Problem requirements = One part of the entries below is wanted: the lines from the one containing "olla: 1) henkilön" through the one containing "Подарочный набор сомелье". Write those out exactly and nothing else.

Data records =
---*---
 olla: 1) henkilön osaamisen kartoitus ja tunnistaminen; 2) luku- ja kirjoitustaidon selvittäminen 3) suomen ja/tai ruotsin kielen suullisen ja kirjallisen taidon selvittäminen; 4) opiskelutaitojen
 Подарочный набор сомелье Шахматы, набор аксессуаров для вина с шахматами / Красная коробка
---*---
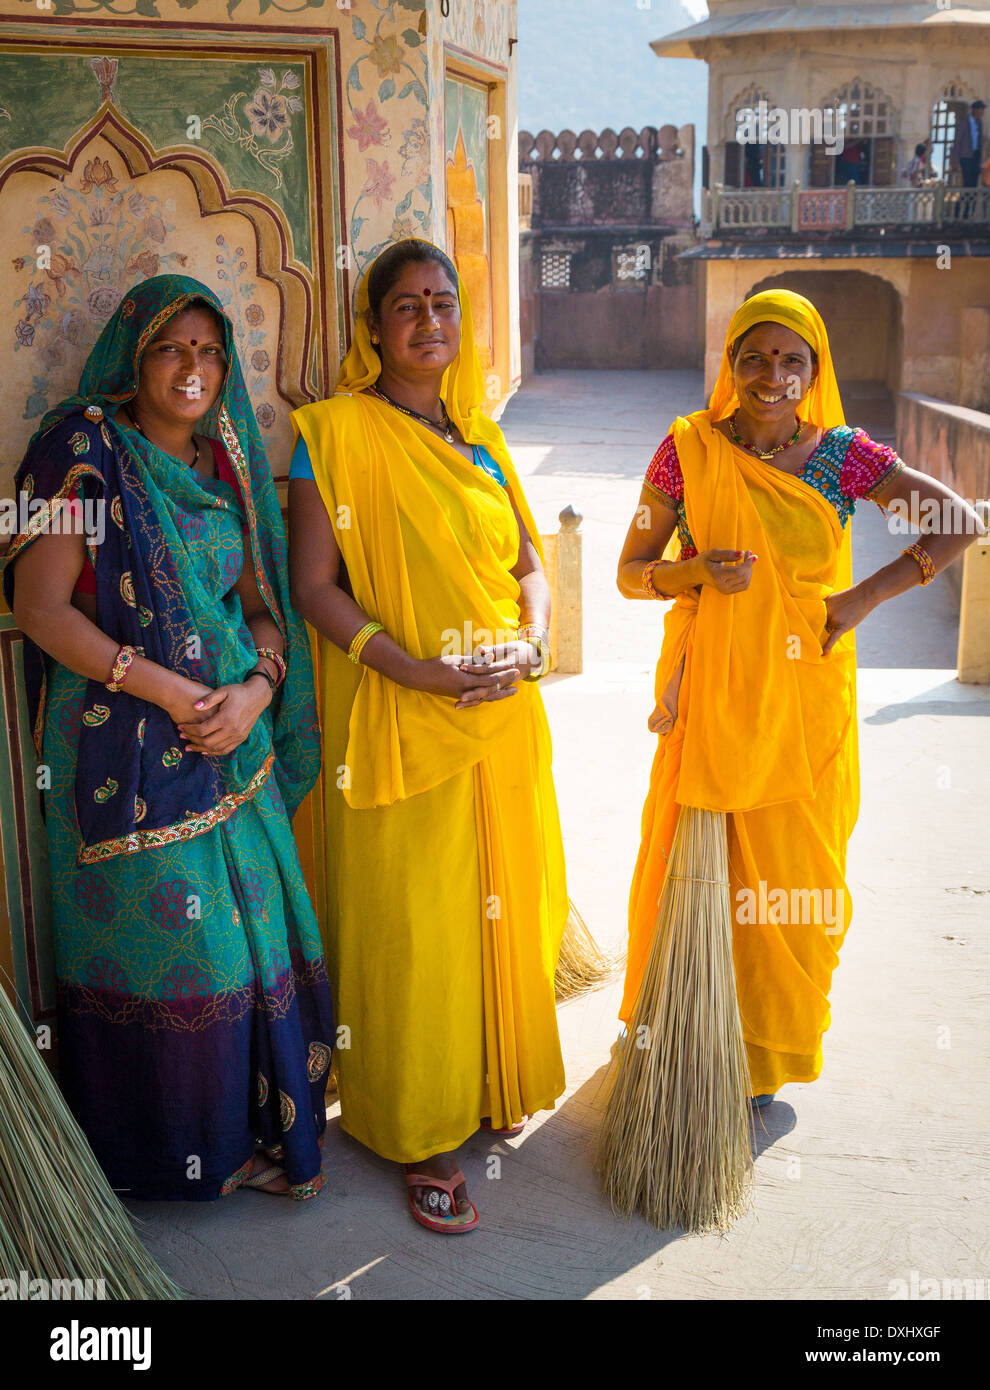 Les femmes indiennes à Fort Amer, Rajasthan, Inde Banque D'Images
---*---
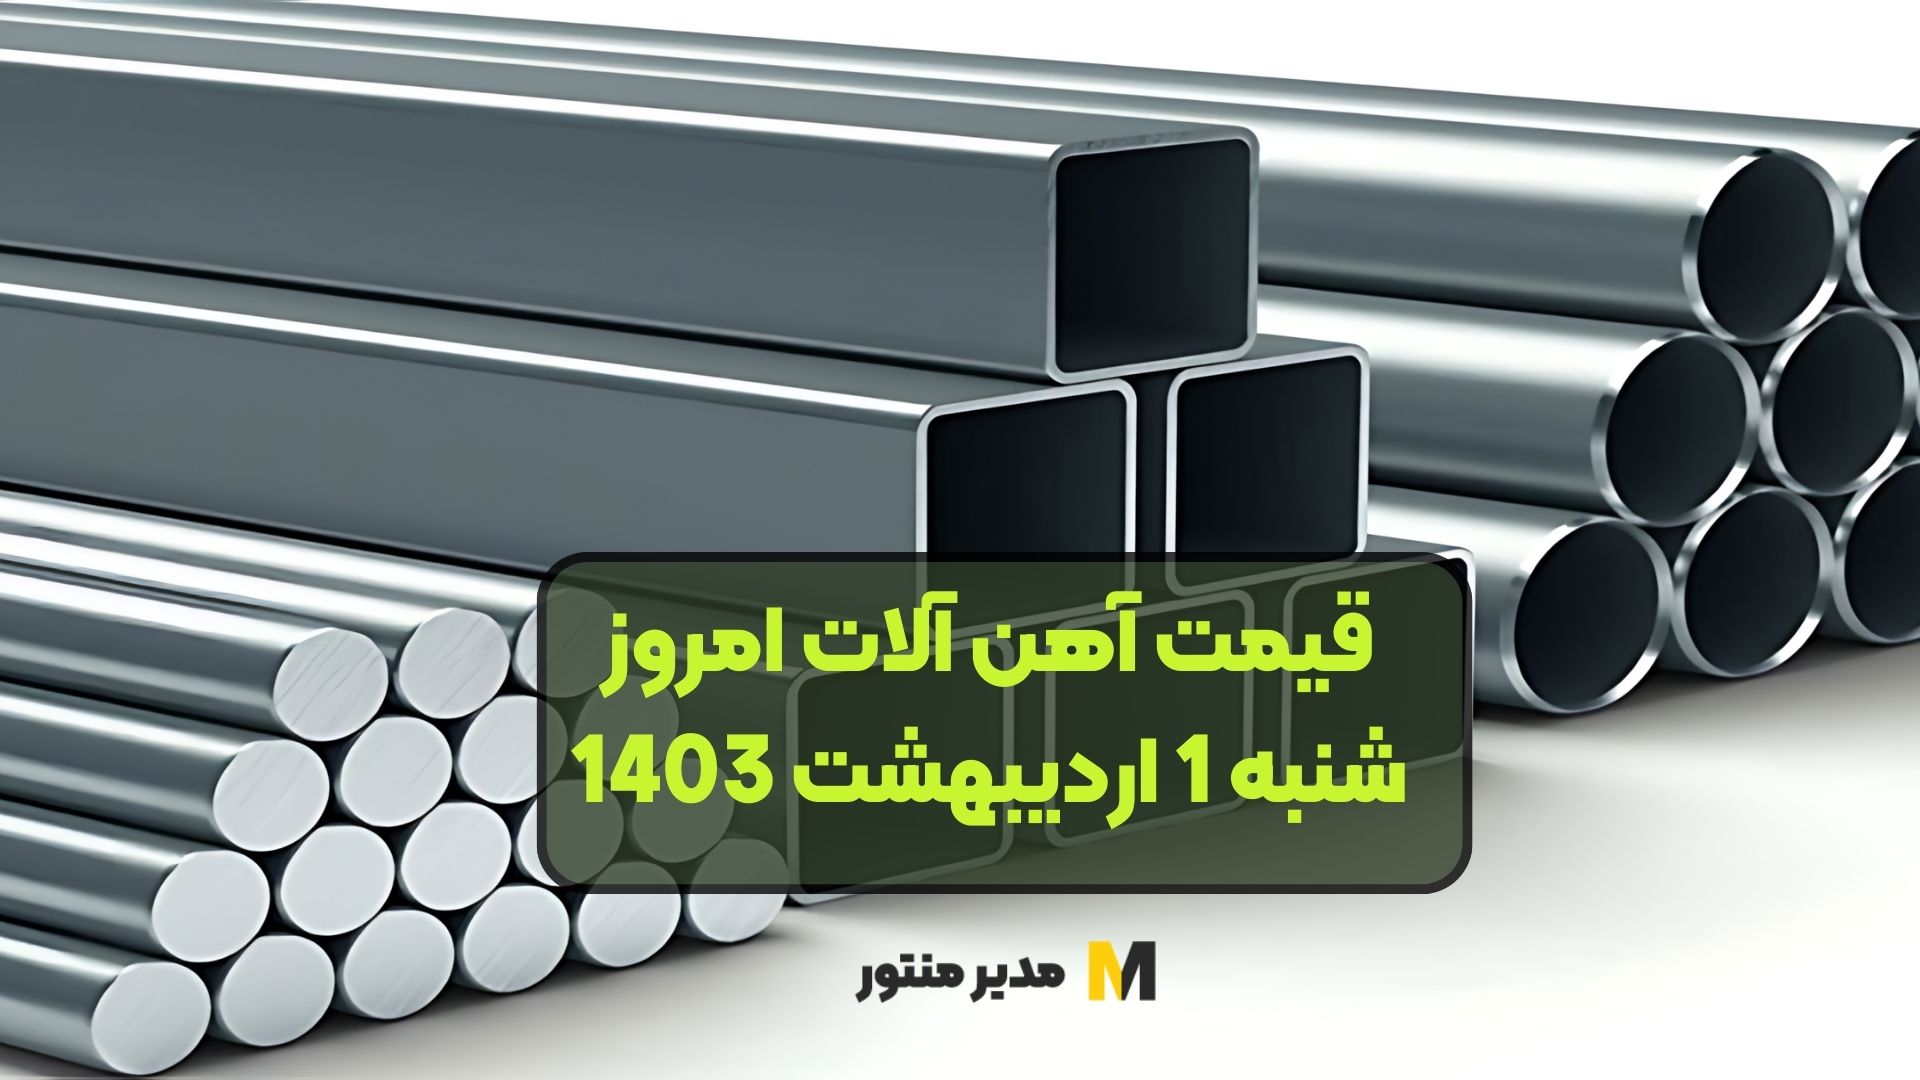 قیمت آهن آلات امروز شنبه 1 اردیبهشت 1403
---*---
Written reply =
 olla: 1) henkilön osaamisen kartoitus ja tunnistaminen; 2) luku- ja kirjoitustaidon selvittäminen 3) suomen ja/tai ruotsin kielen suullisen ja kirjallisen taidon selvittäminen; 4) opiskelutaitojen
 Подарочный набор сомелье Шахматы, набор аксессуаров для вина с шахматами / Красная коробка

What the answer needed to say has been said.